That is the right default attitude.
Intermediate Workflow: How People Move Past One-Off Prompts
This is where Codex starts becoming a real system instead of a novelty.
Use one thread per task
OpenAI explicitly warns against using one giant thread per project.
That leads to bloated context and worse results over time.
Use one thread per coherent task. If the work branches, fork the thread.
Useful session controls from the docs:
-
/forkto branch the conversation while keeping context -
/compactwhen the thread is getting long -
/resumeto pick work back up -
/statusto inspect the current session state
Review inside the workflow
Codex supports review loops, not just code generation.
OpenAI documents /review for reviewing a branch, commit, or uncommitted changes. That is worth using, especially after larger diffs.
A strong pattern is:
- Ask Codex to implement
- Ask Codex to run checks
- Ask Codex to review its own diff against your repo rules
- Then do your human review
Keep verification explicit
If your project has specific commands, put them in AGENTS.md and repeat them in the prompt when needed.
For example:
After the change, run `pnpm test auth`, then `pnpm lint`, then review the diff for auth regressions.
Codex is much more reliable when it can see the finish line.
Advanced Workflow: Worktrees, Subagents, MCP, Skills, Automations
This is where Codex gets genuinely powerful.

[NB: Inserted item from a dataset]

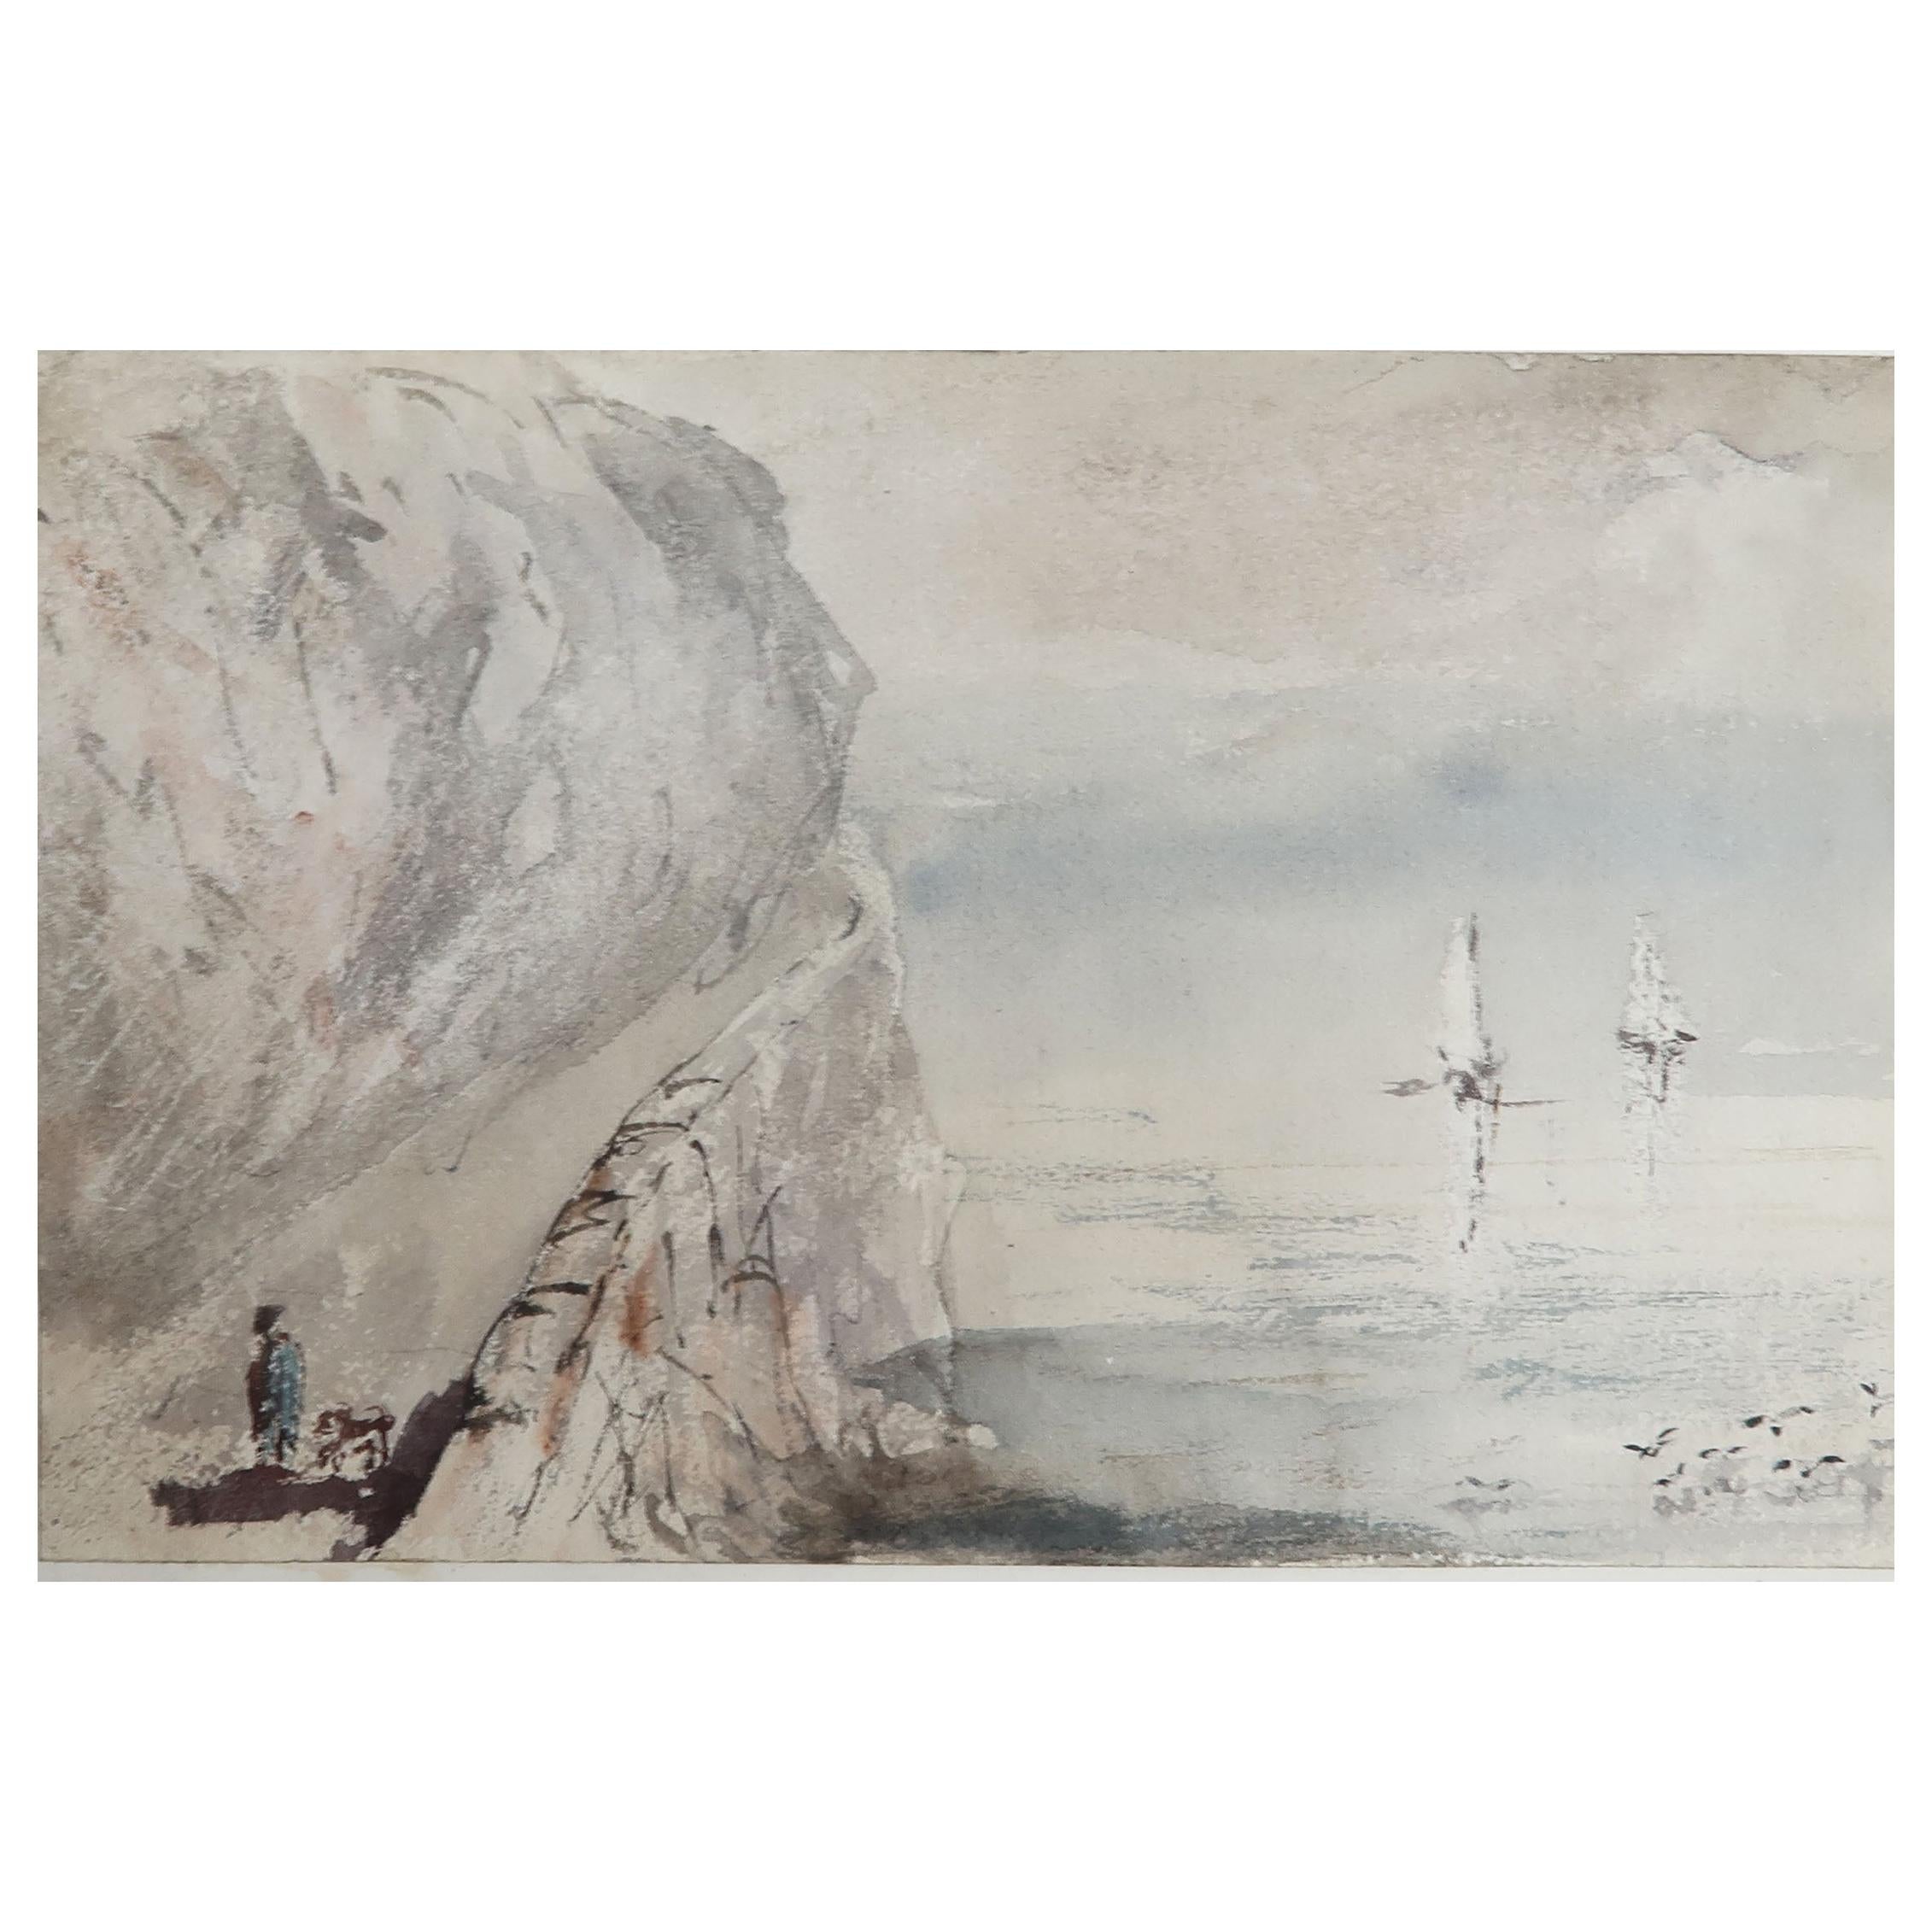 Aquarell von Penmaenmawr, Nordwales, von Robert Hindmarsh Grundy, um 1850

1. Worktrees for parallel work
OpenAI's worktree docs are one of the most practical parts of the whole Codex stack.
Worktrees let Codex run multiple independent tasks in the same project without interfering with each other. The docs frame Local as your foreground workspace and Worktree as a background workspace.
That matters because the common mistake is obvious:
- one active task in your local checkout
- another Codex task editing the same branch
- confusion, collisions, messy git state
Worktrees fix that.
OpenAI's documented advantages are straightforward:
- work in parallel without disturbing local setup
- queue background work while you stay focused on the foreground
- hand work back into local later when you are ready to inspect or test
If you want Codex doing one larger task while you keep shipping something else, use a worktree.

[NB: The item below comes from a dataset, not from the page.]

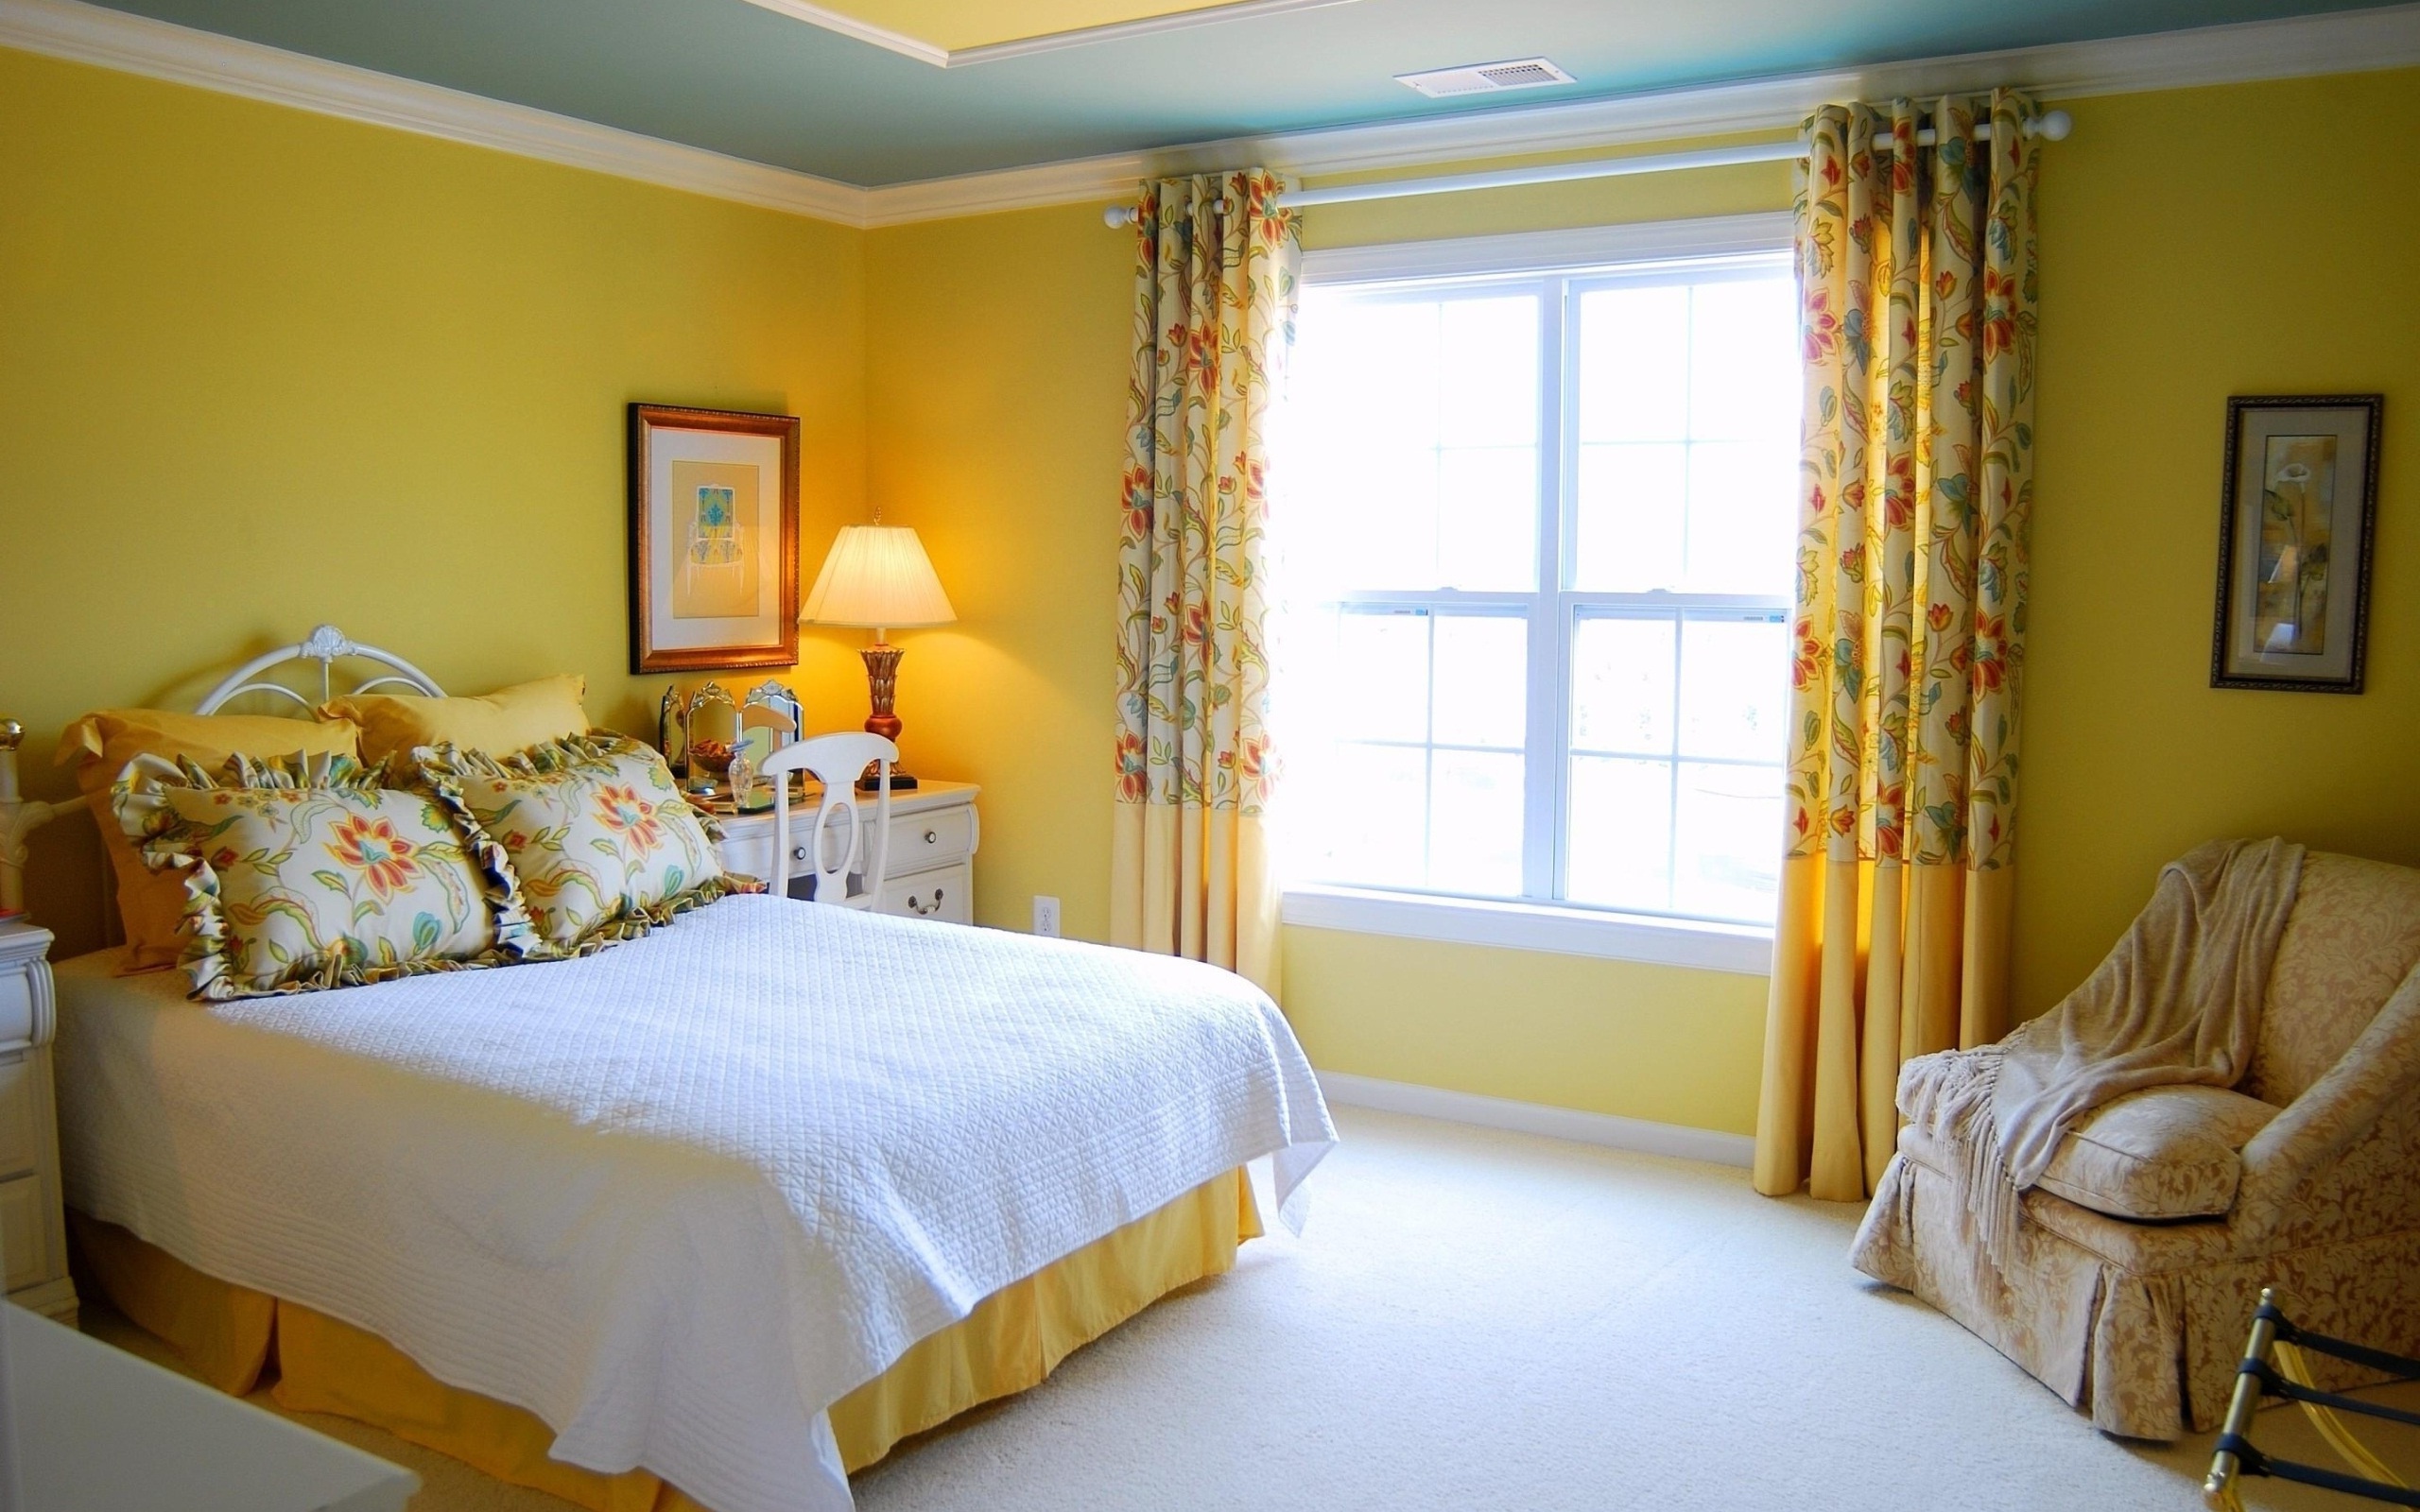 غرفة نوم صفراء 65 صورة غرفة نوم ذات نغمات صفراء لون أصفر في داخل غرفة نوم ضيقة داكنة اللون الأصفر والبرتقالي تصميم غرفة نوم خضراء صفراء

2. Subagents for truly parallel tasks
OpenAI says Codex can spawn specialized agents in parallel and then consolidate the results.

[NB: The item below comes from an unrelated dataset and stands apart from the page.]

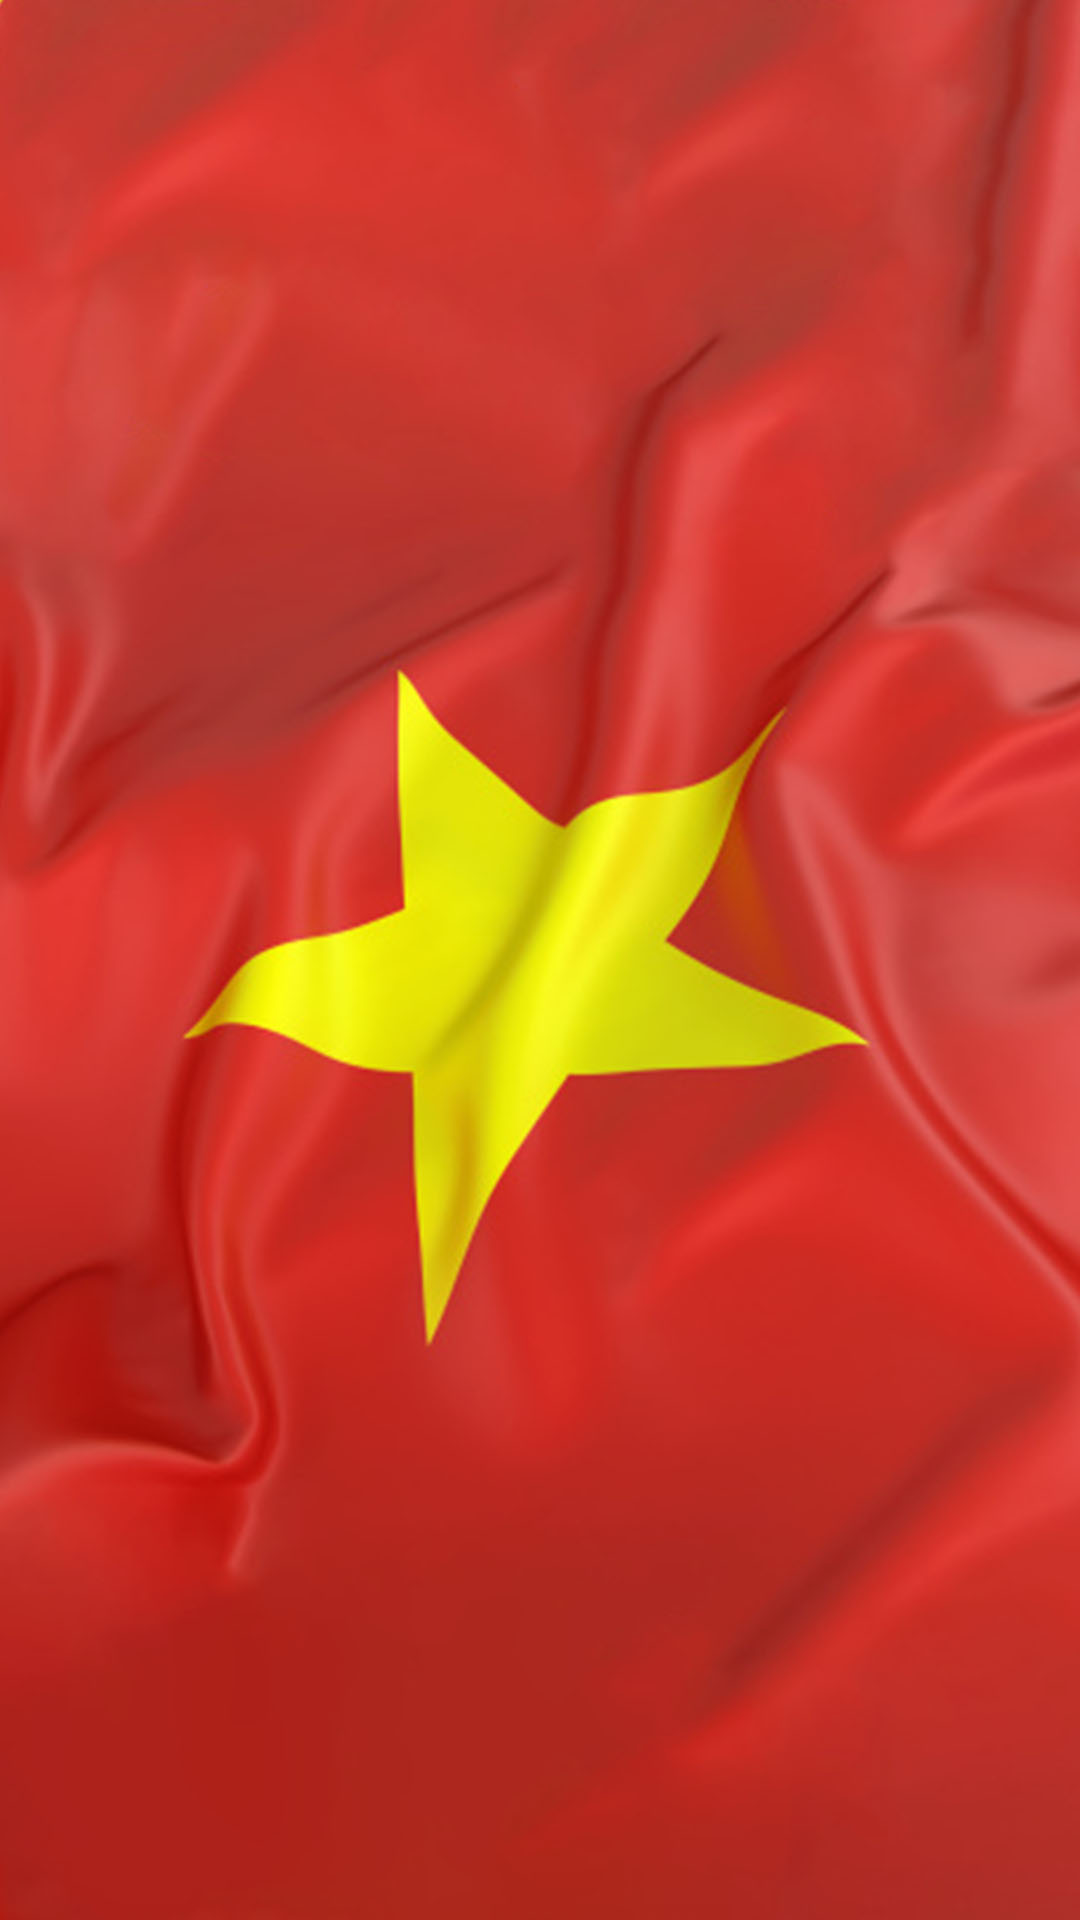 250+ Hình Nền Cờ Việt Nam 2024:
Đừng bỏ lỡ cơ hội có được bộ sưu tập hình nền Cờ Việt Nam 2024 với hơn 250 tùy chọn đẹp mắt! Bộ sưu tập này bao gồm những hình ảnh chất lượng cao, cực kỳ đa dạng và được thiết kế bởi những chuyên gia hàng đầu trong ngành. Hãy tăng thêm niềm kiêu hãnh với các biểu tượng quốc gia của chúng ta cùng bộ sưu tập 250+ hình nền Cờ Việt Nam 2024!

This is useful when the task is actually parallel, not just large.
Good examples:
- one agent reviews security
- one agent reviews bugs
- one agent inspects flaky tests
- one agent maps the codebase around a subsystem
Bad example:
- splitting a tightly coupled change across five agents that all want the same files
OpenAI also notes two important constraints:
- subagents only run when you explicitly ask for them
- they cost more tokens than a single-agent run
Use them when parallelism is real, not because it sounds advanced.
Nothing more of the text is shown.